L'histoire :
Une archéologue que Mortimer a bien connue des années plus tôt est en mission dans l'Oural, au cœur de l'Union Soviétique, pour tenter d'y dénicher les preuves de l'existence de l'antique cité d'Arkaïm. La découverte d'une civilisation slave antérieure à la latine serait un triomphe pour le régime, Olga a le soutien des autorités. Mais ce que les ouvriers déterrent n'est en rien ce qu'elle espère : dans des caisses en bois, elle découvre les cadavres de six hommes fraichement assassinés, leurs visages tous atrocement mutilés de la même manière. Elle décide de faire appel à son vieil ami Philip, qui va obtenir son visa en tant que scientifique, sans savoir le moins du monde ce qui l'attend sur place. Lors d'un dernier diner avec Francis Blake avant son départ, il s'avère que ce dernier est lui aussi sur le point de s'envoler vers une nouvelle mission, sur laquelle il doit malheureusement garder le secret. Les deux amis se quittent sans savoir dans quel nouveau péril ils se lancent tous les deux. Au moment où Mortimer foule les terres soviétiques, Blake vient de rejoindre des collègues de plusieurs pays au bord du lac Léman.

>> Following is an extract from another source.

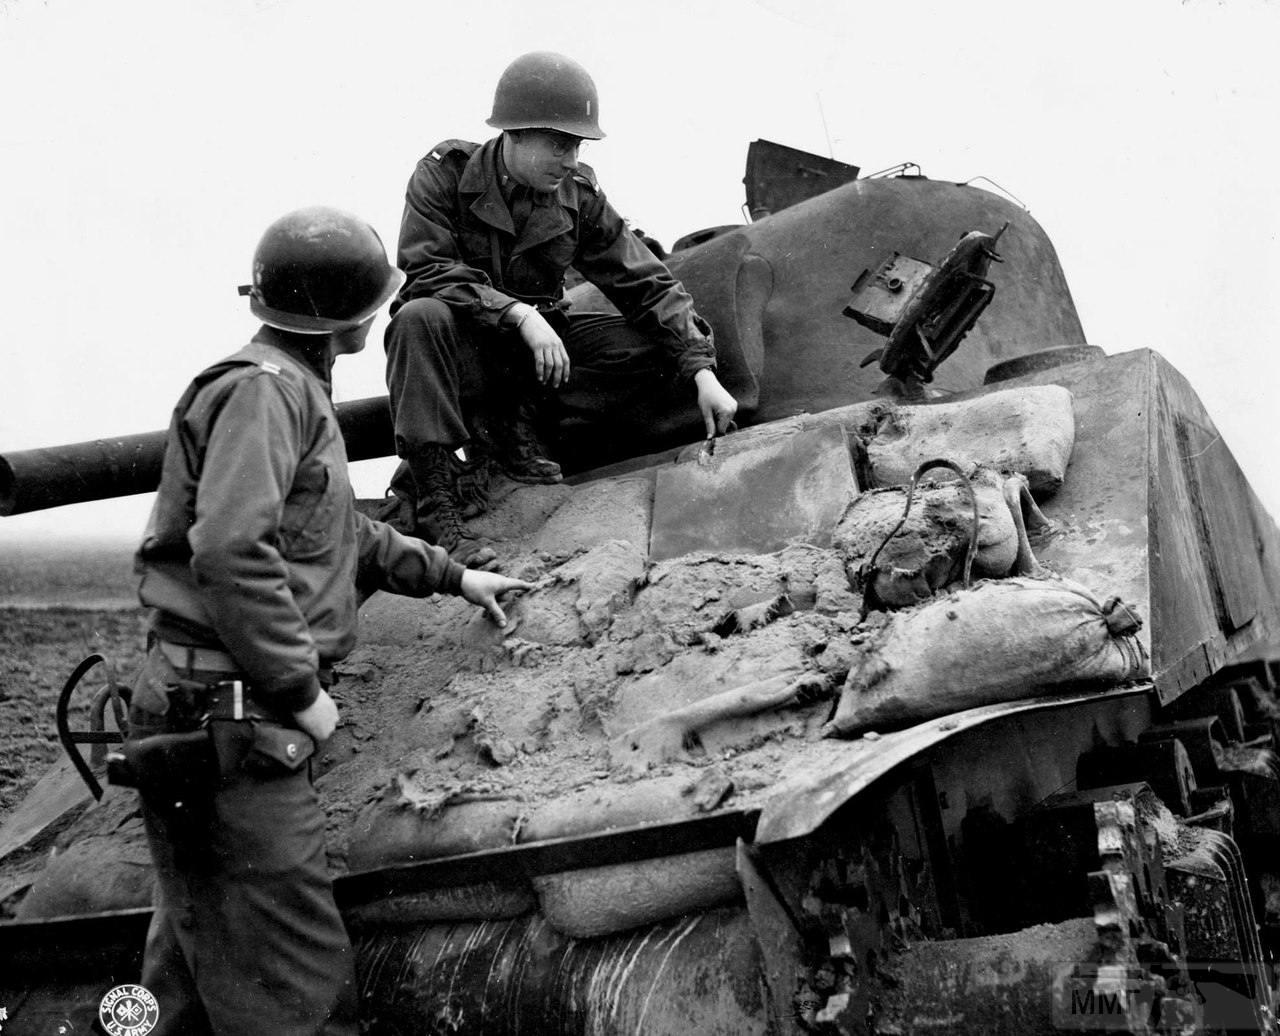 18046 - Военное фото 1939-1945 г.г. Западный фронт и Африка.

Un espion infiltré a été tué alors qu'il franchissait le mur de Berlin vers l'Ouest pour y révéler un grand secret, mais il n'a eu le temps de livrer qu'un mot : Doppelgänger !
Ce qu'on en pense sur la planète BD :
Ce nouvel album de Blake et Mortimer débute de très belle manière, par une découverte macabre aux confins de l'URSS et une scène d'évasion pleine de tension au-dessus du mur de Berlin. Les scénaristes José-Louis Bocquet et Jean-Luc Fromental ont choisi de miser sur l'intrigue et les rebondissements, en construisant un scénario sur une bonne idée que l'on comprendra assez tard dans le récit. Ils réussissent, en particulier dans la première moitié de cette aventure, à créer des moments denses où le suspense fonctionne vraiment, et quelques scènes marquantes comme ce cobaye humain qui déclame des vers d'un grand dramaturge anglais. Une toute petite dose de second degré par endroits rend presque les personnages plus humains. Les auteurs se sont appropriés avec ce qu'il faut d'originalité les deux héros de Jacobs, Mortimer en particulier. Graphiquement la partition est réussie, Antoine Aubin n'est pas le plus fidèle au style d'E.P.Jacobs, le visage et la silhouette de Blake en particulier ont une touche assez personnelle, mais les décors en particulier contribuent au plaisir de lecture rétro qui motive bon nombre de fans. Aubin soigne beaucoup ses ambiances avec des détails d'intérieurs ou des éclairages qui nous plongent complètement dans l'époque. Il en fait par moments presque plus que le maître dans la variété de style des fauteuils ou les personnages s'assoient, ou la précision du mobilier de bureau, mais ça ne semble jamais exagéré ou artificiel. Sur les quelque soixante pages de ce one-shot, les puristes des détails noteront quand même quelques micro invraisemblances, ces moments où l'intrigue décoince un peu vite, mais franchement rien qui ne gâche le plaisir des retrouvailles. Bravo aux trois auteurs qui ont réussi un des meilleurs épisodes de ces dernières années.